Reproduce verbatim only the lines from the one containing "jason aldean wrangler jeans" through the last line below, both included.

MATERIAL PROVIDED Start Marker

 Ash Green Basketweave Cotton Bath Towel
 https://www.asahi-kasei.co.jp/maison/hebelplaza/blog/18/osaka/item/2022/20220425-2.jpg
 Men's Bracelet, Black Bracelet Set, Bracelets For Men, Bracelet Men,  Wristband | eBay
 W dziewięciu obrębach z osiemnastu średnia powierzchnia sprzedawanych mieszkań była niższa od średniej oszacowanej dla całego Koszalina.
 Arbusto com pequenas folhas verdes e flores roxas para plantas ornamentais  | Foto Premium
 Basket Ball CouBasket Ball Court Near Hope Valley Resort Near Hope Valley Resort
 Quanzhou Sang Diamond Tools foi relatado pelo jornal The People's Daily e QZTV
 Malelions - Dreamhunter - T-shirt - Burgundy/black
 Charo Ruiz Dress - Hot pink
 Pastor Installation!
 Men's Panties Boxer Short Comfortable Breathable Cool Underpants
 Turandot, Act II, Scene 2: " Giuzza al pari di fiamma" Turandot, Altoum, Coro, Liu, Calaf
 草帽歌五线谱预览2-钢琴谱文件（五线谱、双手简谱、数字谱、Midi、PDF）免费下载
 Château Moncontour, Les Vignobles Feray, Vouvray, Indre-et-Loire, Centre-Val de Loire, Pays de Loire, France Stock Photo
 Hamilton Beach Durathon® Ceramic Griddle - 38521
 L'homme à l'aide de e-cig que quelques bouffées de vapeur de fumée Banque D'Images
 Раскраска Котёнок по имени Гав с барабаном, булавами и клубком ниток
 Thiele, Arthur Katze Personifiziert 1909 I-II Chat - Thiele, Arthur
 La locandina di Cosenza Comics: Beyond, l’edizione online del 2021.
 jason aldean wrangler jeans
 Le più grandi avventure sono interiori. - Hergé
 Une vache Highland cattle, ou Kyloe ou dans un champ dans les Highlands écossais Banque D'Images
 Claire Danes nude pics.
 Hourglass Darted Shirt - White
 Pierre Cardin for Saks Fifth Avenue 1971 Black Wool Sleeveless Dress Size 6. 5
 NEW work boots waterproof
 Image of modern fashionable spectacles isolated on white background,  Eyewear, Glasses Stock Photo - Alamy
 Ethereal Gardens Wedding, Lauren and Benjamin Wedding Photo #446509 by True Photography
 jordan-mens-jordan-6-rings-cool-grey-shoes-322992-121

MATERIAL PROVIDED End Marker

> _SOLUTION_:
 jason aldean wrangler jeans
 Le più grandi avventure sono interiori. - Hergé
 Une vache Highland cattle, ou Kyloe ou dans un champ dans les Highlands écossais Banque D'Images
 Claire Danes nude pics.
 Hourglass Darted Shirt - White
 Pierre Cardin for Saks Fifth Avenue 1971 Black Wool Sleeveless Dress Size 6. 5
 NEW work boots waterproof
 Image of modern fashionable spectacles isolated on white background,  Eyewear, Glasses Stock Photo - Alamy
 Ethereal Gardens Wedding, Lauren and Benjamin Wedding Photo #446509 by True Photography
 jordan-mens-jordan-6-rings-cool-grey-shoes-322992-121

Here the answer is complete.